旅に出ることにした。会社から有給の消費を言われた為、家族三人で那須という栃木と群馬の間のような場所に向かった。平地より少し高い場所で、夏に観光に来るひとがちょくちょくいると言われている場所だ。私は愛子から逃げてきたのだ、怒りよりも悲しみが上まった時点で私の愛子への愛がここまで残っていたことに驚きを隠せなかった。彼女はきっと産むだろう、そして一体誰が育てるというのだろうか。
「拓未さん」
「え、」
「ボーッとしてると、事故を起こしますよ」
「ああ、ごめん」
「愛子さんとのことを忘れるために来たんですから、もっと楽しまなくちゃ」
「でも、」
「みゆはね、お母さんのことでとても傷ついたけど」
みゆは何かを噛み締めるように続けた。
「この三人なら乗り越えられると信じてるから」
私はなんて幸せな人間なんだろう、どん底に落ちたとしても手を掴んで引っ張ってくれる人がこんなにも沢山いるのだから。
「わかった。この旅行中は忘れるよ」
そう言って私は気合を入れ直した。其処からの時間はあっという間過ぎて一つ一つ語ることすら難しいように感じる。二人の笑顔を見ているだけで、私はこの二人を守らなくてはいけない、そう確信させてくれた。食べ物を口に運びながら、私に微笑みかけてくれる娘は私にとって命と同じだけの価値があった。

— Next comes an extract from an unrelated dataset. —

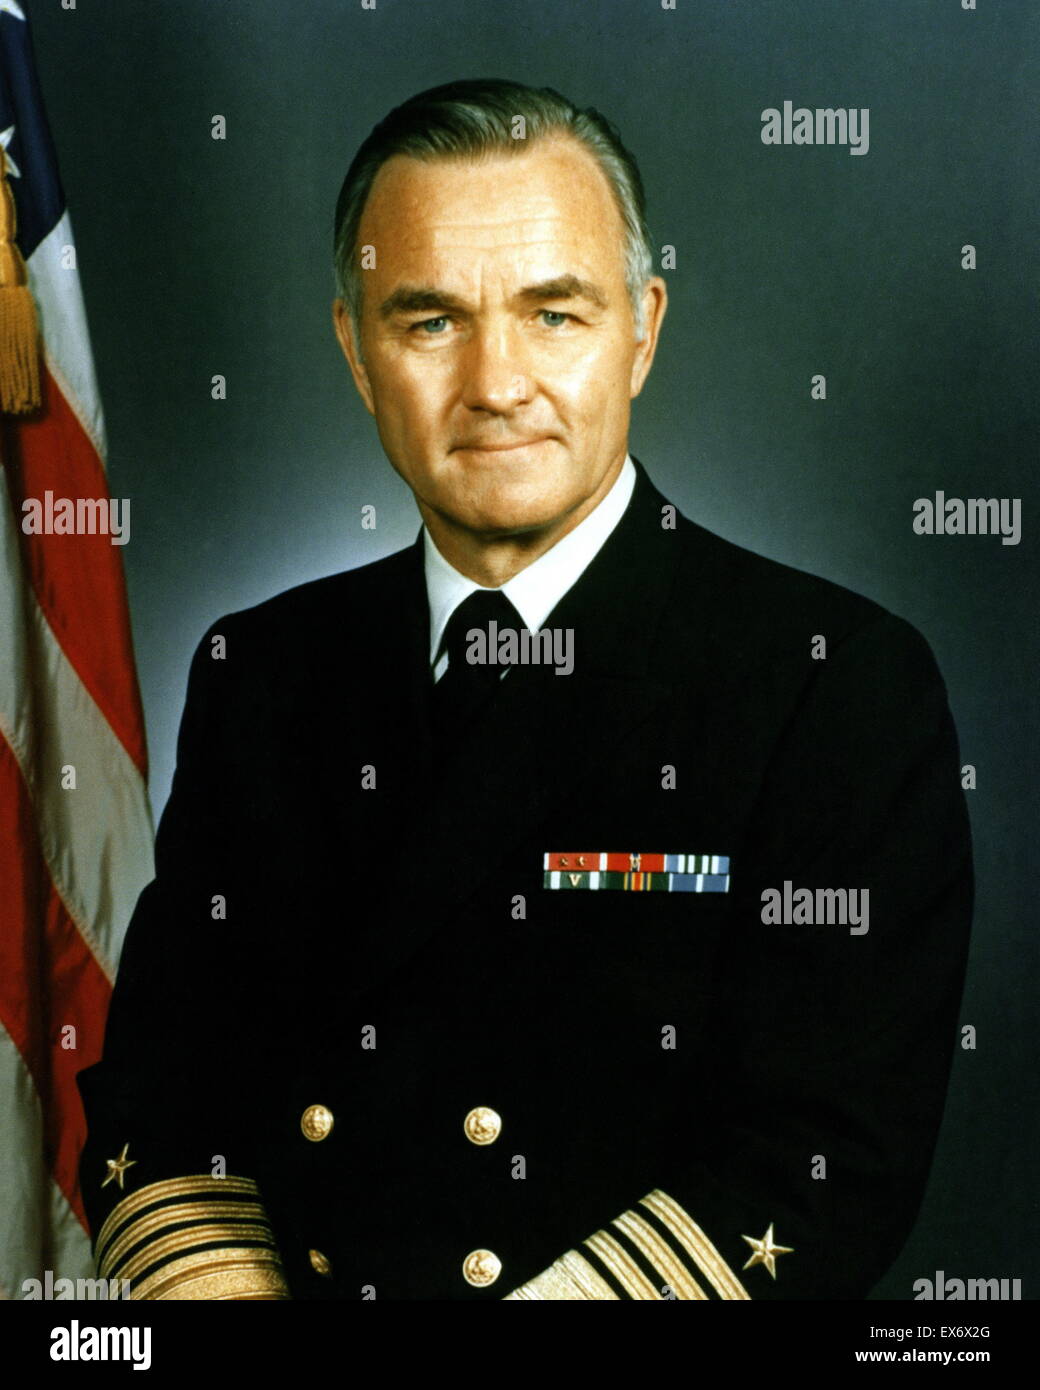 M. Stansfield Turner (né le 1 décembre 1923) est un ancien amiral de la marine des États-Unis et ancien directeur de l'Agence centrale de renseignement 1977-1981 Banque D'Images

二泊三日の旅行も2日目の夜を迎えて残りわずかになってきていた。妻と娘が一緒に浴場に向かい私は一人で男湯に入った。男は寂しく静まり返っていて、少し時間の遅い今日は私以外に殆ど人がいなくなっていた。湯船に浸かり、心を落ち着けていると現実が目の前に迫ってくるような気がして身体が震え始めていた。頭がクラクラとし始めここ最近に起こったことが私の頭にフラッシュバックし始めた。
「私のことは誰が育てるの?」
ふと、男湯の中で少女の声がした。
「誰だい?」
私は慌てふためき浴場を見渡した。すると、一人の女の子が私と同じ湯船に浸かっていた。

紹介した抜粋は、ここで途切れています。